8/29/2004

GESO Chair Mary Reynolds questions the media buzz, in light of Yale Provost Susan Hockfield's appointment to MIT's Presidency, about her tenure at Yale: Hockfield was often called on to be unflappable, as Yale dealt with a $30 million deficit and a union strike last year. Facing demands from frustrated graduate students, who unsuccessfully appealed to the university to recognize their union, Hockfield came through it without losing the students' respect, said Pasko Rakic, the neuroscience professor who recruited her to Yale. "If you give them bad news, they hate you," he said, "but she told them, and they didn't hate her." One graduate student, however, disputed the idea that Hockfield handled the issue smoothly.
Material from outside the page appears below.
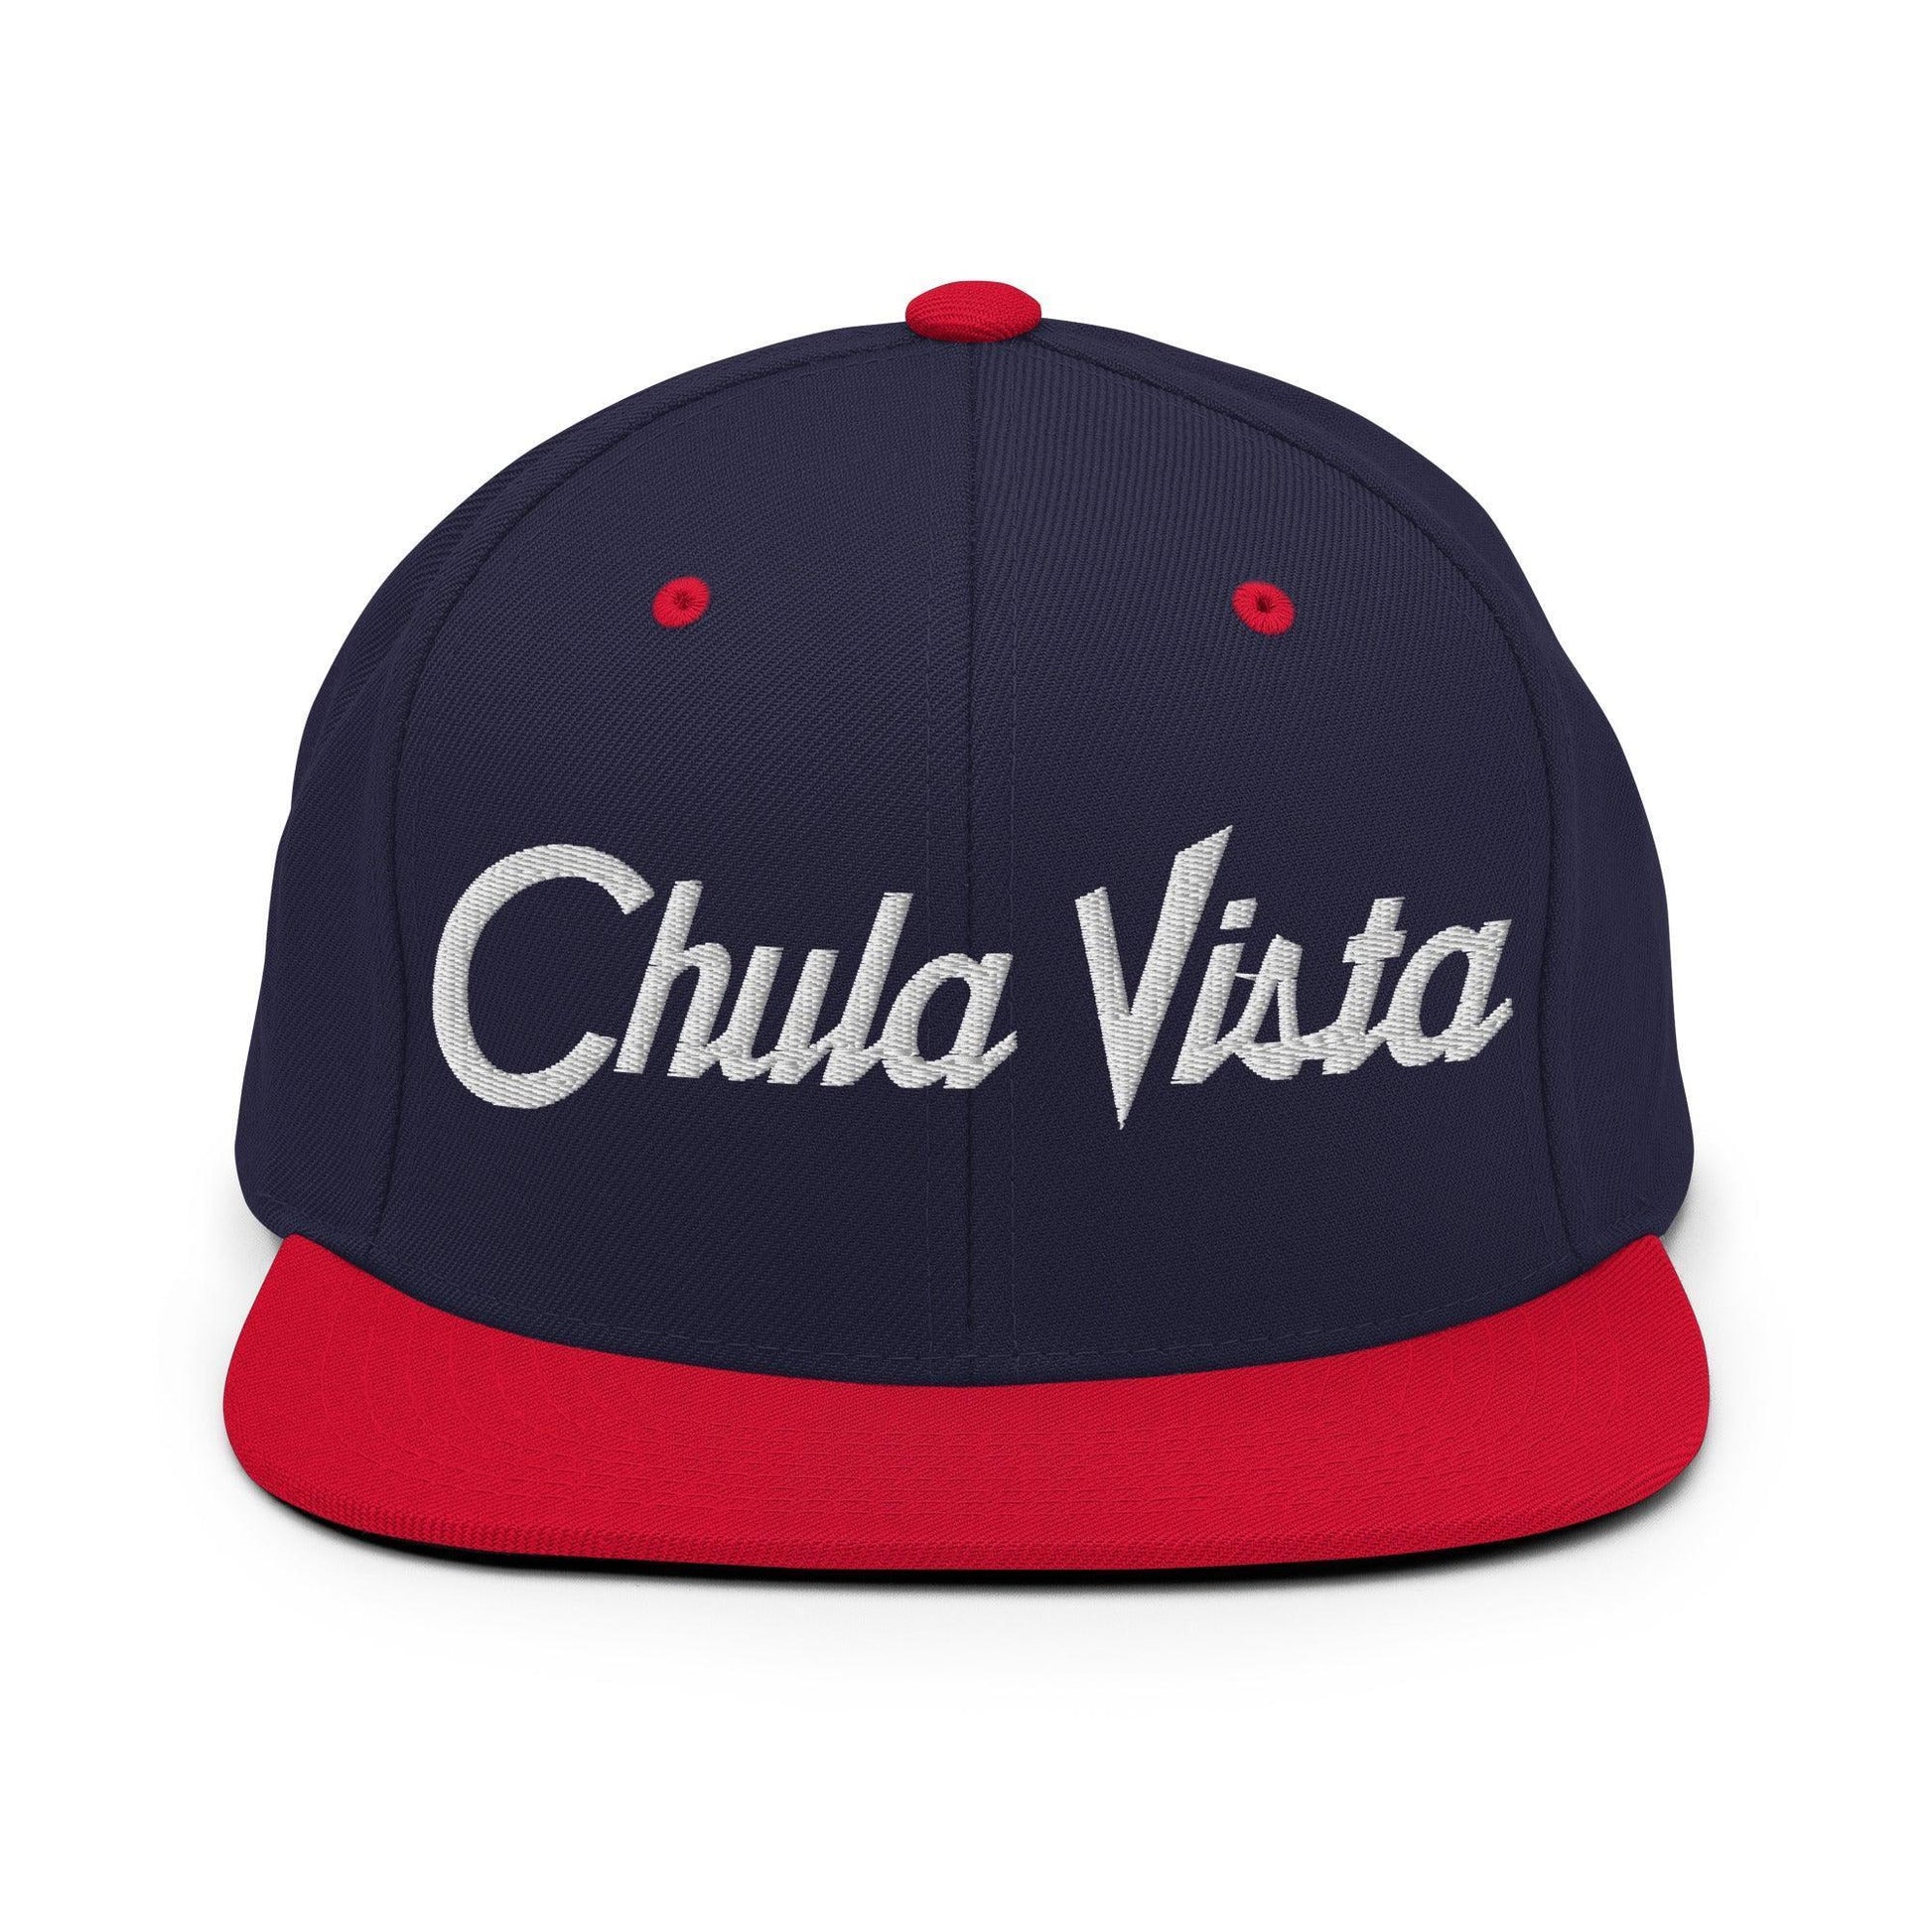 Chula Vista Script Snapback Hat Navy/ Red

Mary Reynolds, a doctoral student in American studies and a leader of the graduate student union, said that Hockfield stifled dialogue between union members and administrators by denying multiple union requests for meetings. "I found that she shut down discussion and refused to speak to students in the union," Reynolds said. "She was not a consensus builder. The administration was opposed to the union, but that shouldn't stop her from speaking to graduate students." Reynolds also questioned Hockfield's commitment to family concerns, citing a meeting between members of her department and Hockfield in 2001, in which the graduate school dean was unresponsive to requests from student assistants for help with affordable day care.